Monday, May 3, 2010

American Meat: Even Grosser Than You Thought

I love meat. So when I oppose factory farming, it's not because I believe in animal rights. The lion doesn't care about animal rights when he eats a gazelle, so neither should we, as far as I'm concerned. But the fact is, the more humanely our livestock are kept and slaughtered, the healthier their meats will be. There is literally no reason cows should be fed grains, rather than grass, which turn their dung into poison, which they are forced to wade in up to their ankles until they are slaughtered. This e coli-infested dung is all over their carcasses, which often ends up in the steaks or ground beef they're eventually processed into. Rather than tackle the root cause of this, they treat it with ammonia, and soon, if they have their way, radiation, to kill the bacteria. Then we eat it. And this says nothing about feeding cows chicken feces. The sad fact is, you may never be able to enjoy a nice, healthy steak again. Unless you slaughter your own cow.

    Alternet -

    In 2008, Mexican authorities rejected a shipment of U.S. beef because the meat exceeded Mexico's regulatory tolerance for copper. The rejected meat was returned to the United States, where it was sold and consumed, because the U.S. has no regulatory threshold for copper in meat.

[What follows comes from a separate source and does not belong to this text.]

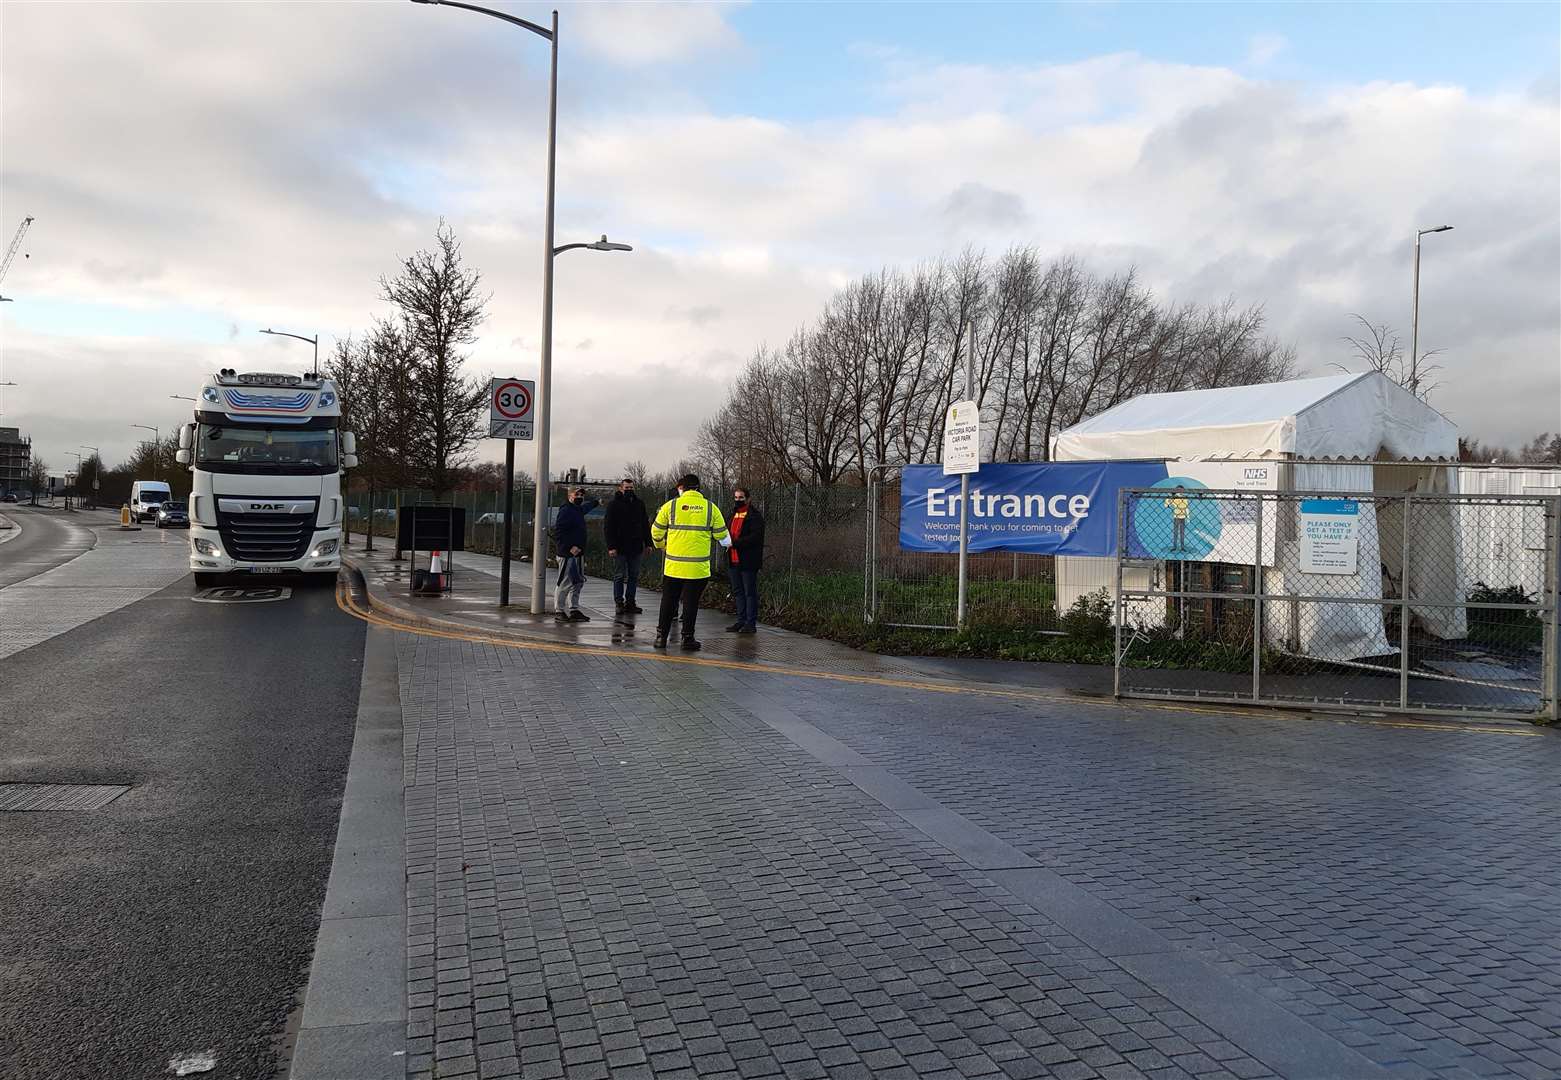 Lorry drivers have been waiting at the entrance to the site in Victoria Road
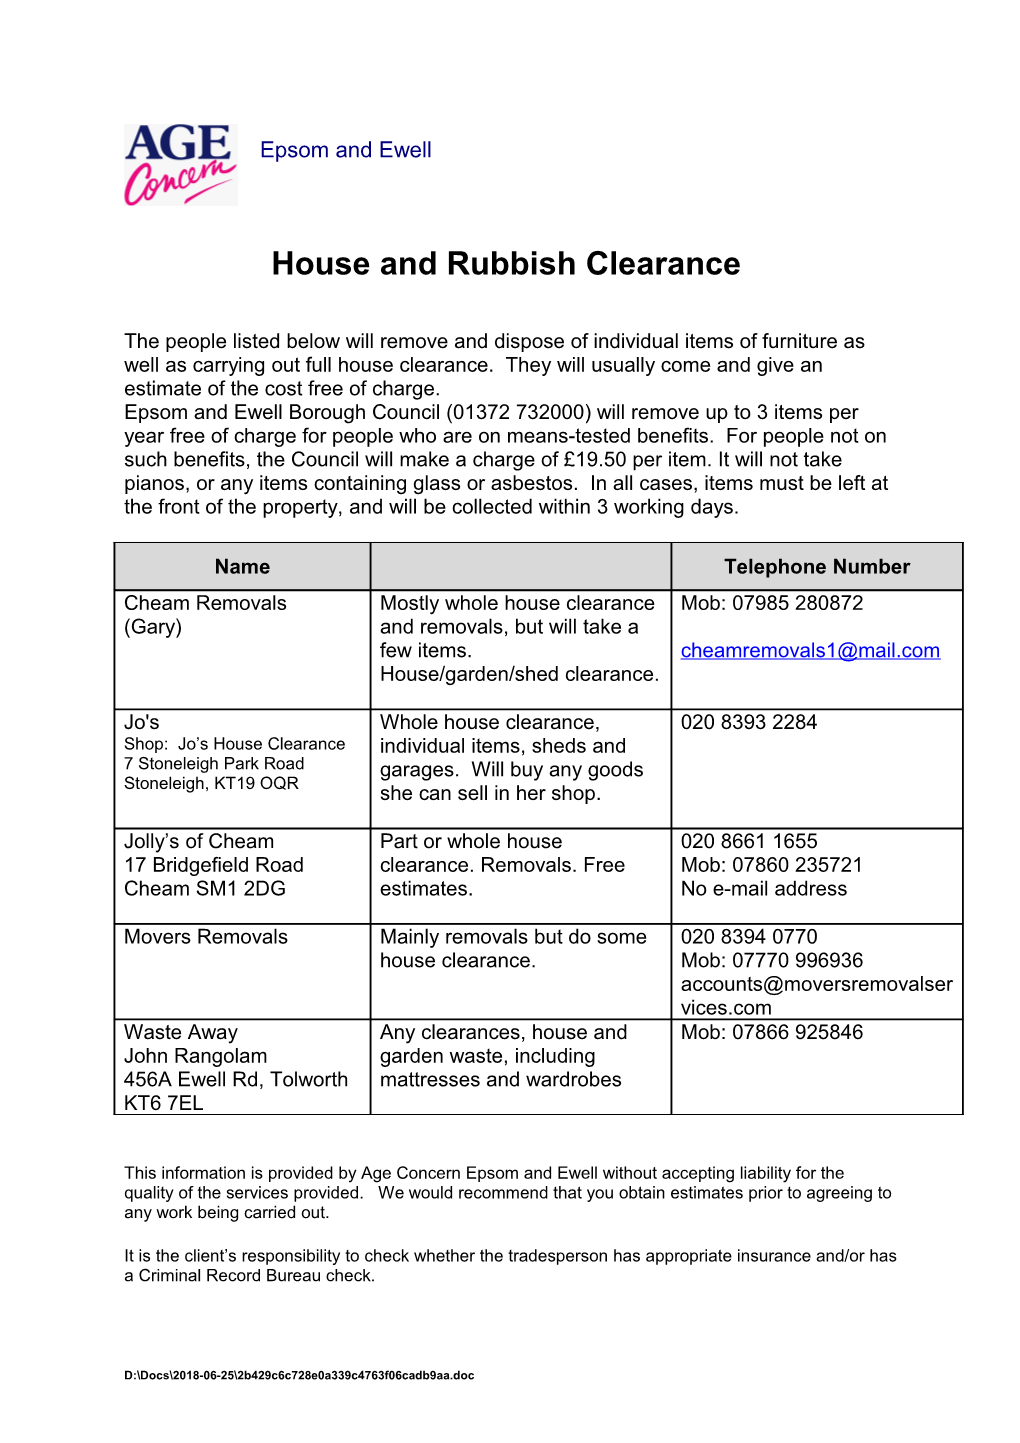 House and Rubbish Clearance

    Incidents like this are why the food safety arm of USDA, known as the Food Safety and Inspection Service (FSIS), is under USDA scrutiny. While the public has gotten used to microbes like E. coli and salmonella threatening the nation's meat supply, and while food safety agencies make food-borne illness a high-profile priority, contamination of meat by heavy metals, veterinary drugs and pesticides has been slipping through the bureaucratic cracks.